In this tutorial, we'll show you how to create "Did you mean" functionality fast and easy. Data we'll use will be a large city database consisting of more than 3 million cities. The idea is to show the correct city name in case your users misspell them. The list of cities comes from MaxMind, Inc and you can find the list here. To understand what we are building take a look at the demo page. Setting up Laravel isn't covered, but you can find plenty of tutorials on how to do this. Our project will depend on Laravel Scout and TNTSearch so lets install those dependencies:
composer require teamtnt/laravel-scout-tntsearch-driver
Add this to your providers array in config\app.php
'providers' => [
/*
* Package Service Providers...
*/
Laravel\Scout\ScoutServiceProvider::class,
TeamTNT\Scout\TNTSearchScoutServiceProvider::class,
]
After that publish the Scout config file like:
php artisan vendor:publish --provider="Laravel\Scout\ScoutServiceProvider"

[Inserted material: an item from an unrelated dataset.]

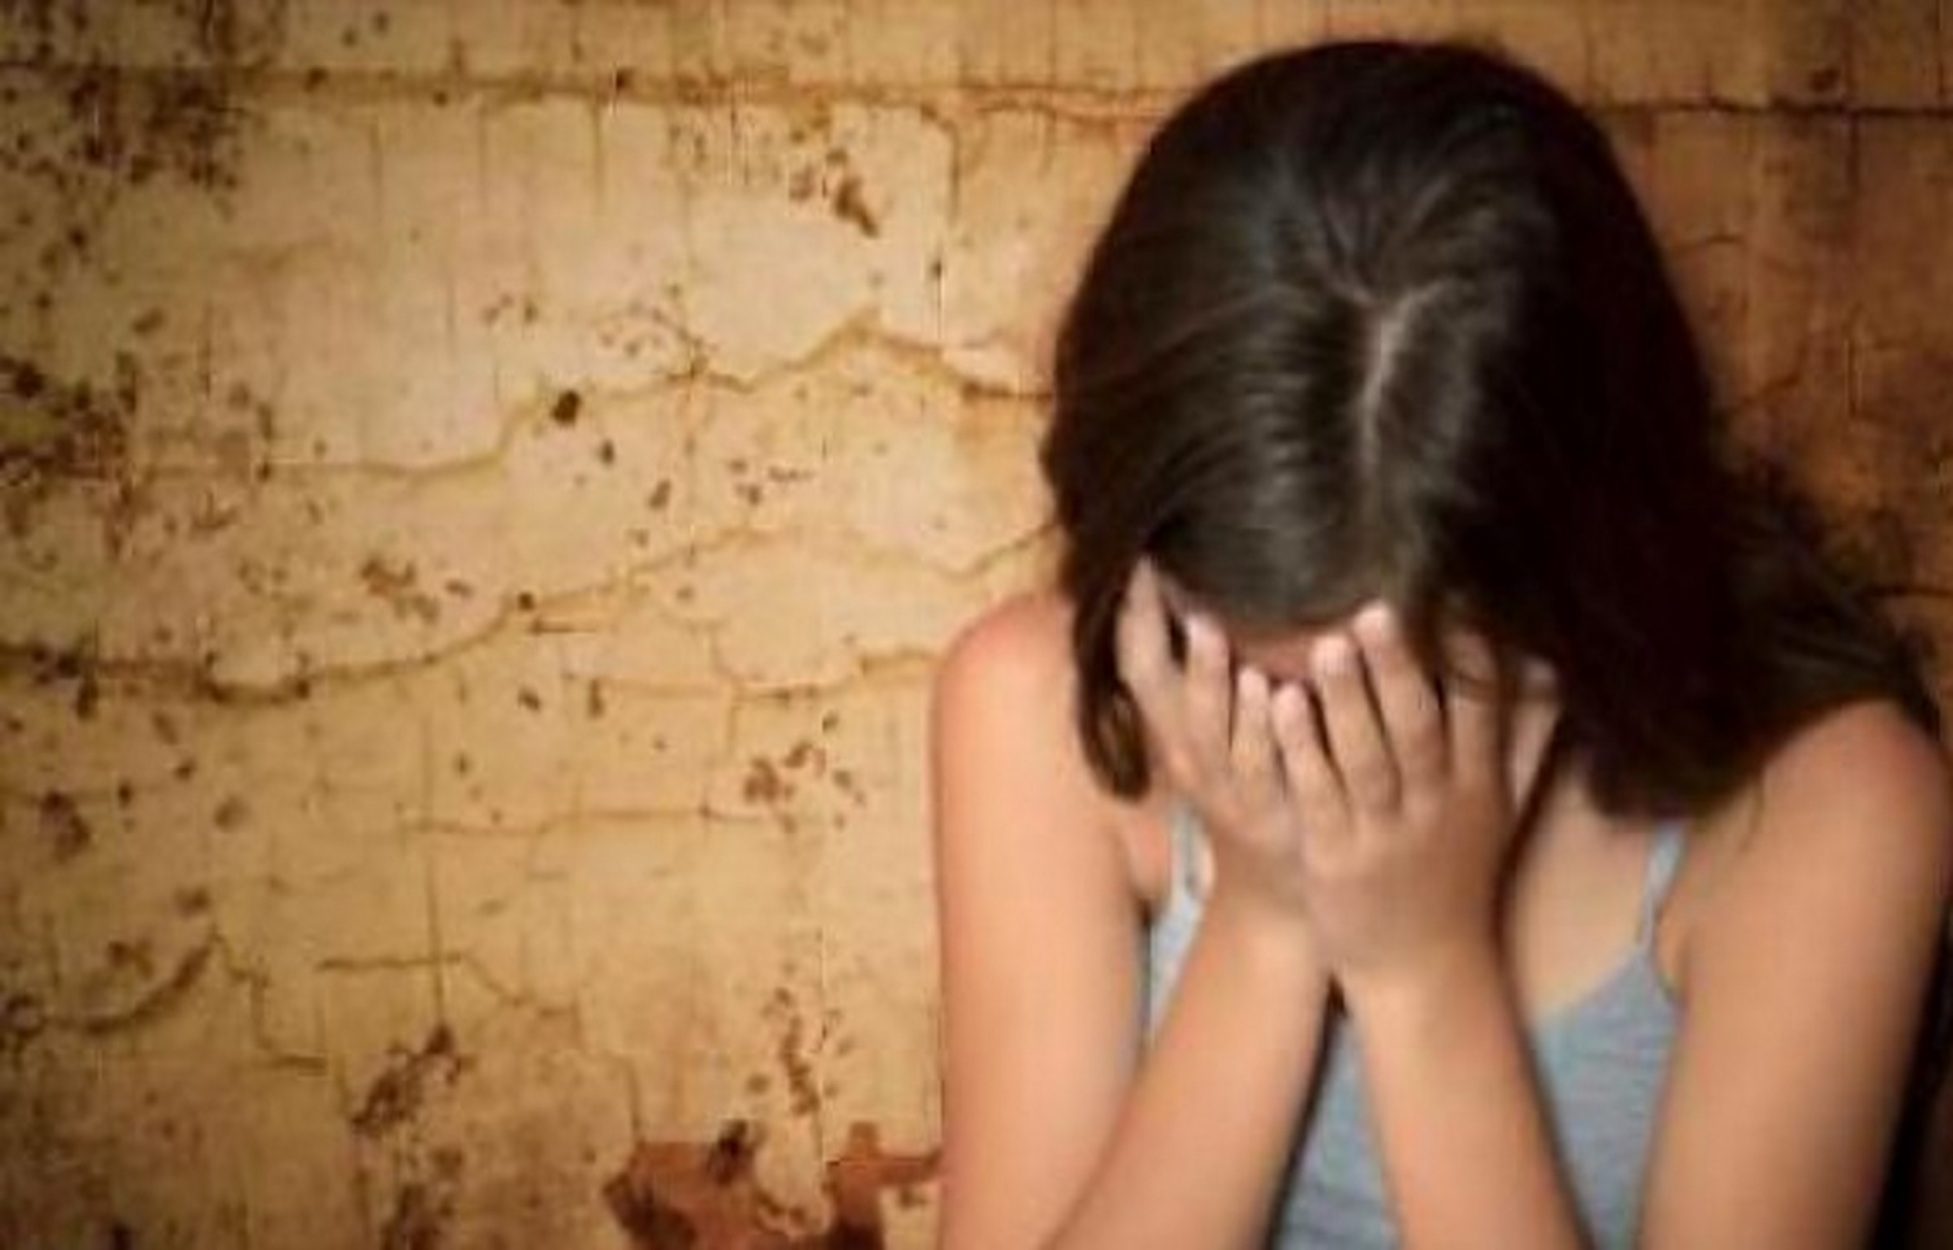 Κύκλωμα μαστροπείας που παγιδεύει κορίτσια και τα προωθεί σε πλούσια πρόσωπα ερευνά η Εισαγγελία για το βιασμό στη Θεσσαλονίκη

And in your `.env, set TNTSearch as the default driver:
SCOUT_DRIVER=tntsearch
In config/scout.php
set the storage_path
'tntsearch' => [
'storage' => storage_path(),
],
Make sure this directory is writable. Lets start with a basic command that will download and import the list of cities to our database. The database migration and the model look as follows:
php artisan make:model City --migration
<?php
use Illuminate\Support\Facades\Schema;
use Illuminate\Database\Schema\Blueprint;
use Illuminate\Database\Migrations\Migration;
class CreateCitiesTable extends Migration
{
/**
* Run the migrations.
*
* @return void
*/
public function up()
{
Schema::create('cities', function (Blueprint $table) {
$table->increments('id');
$table->string('country');
$table->string('city');
$table->string('region');
$table->float('population');
$table->double('latitude', 15, 8);
$table->double('longitude', 15, 8);
$table->text('n_grams');
});
}
/**
* Reverse the migrations.
*
* @return void
*/
public function down()
{
Schema::dropIfExists('cities');
}
}
Add public $timestamps = false;
to your City
model since we don't need timestamps.
Notice the column n_grams
, this will help us later to achieve the did you mean functionality.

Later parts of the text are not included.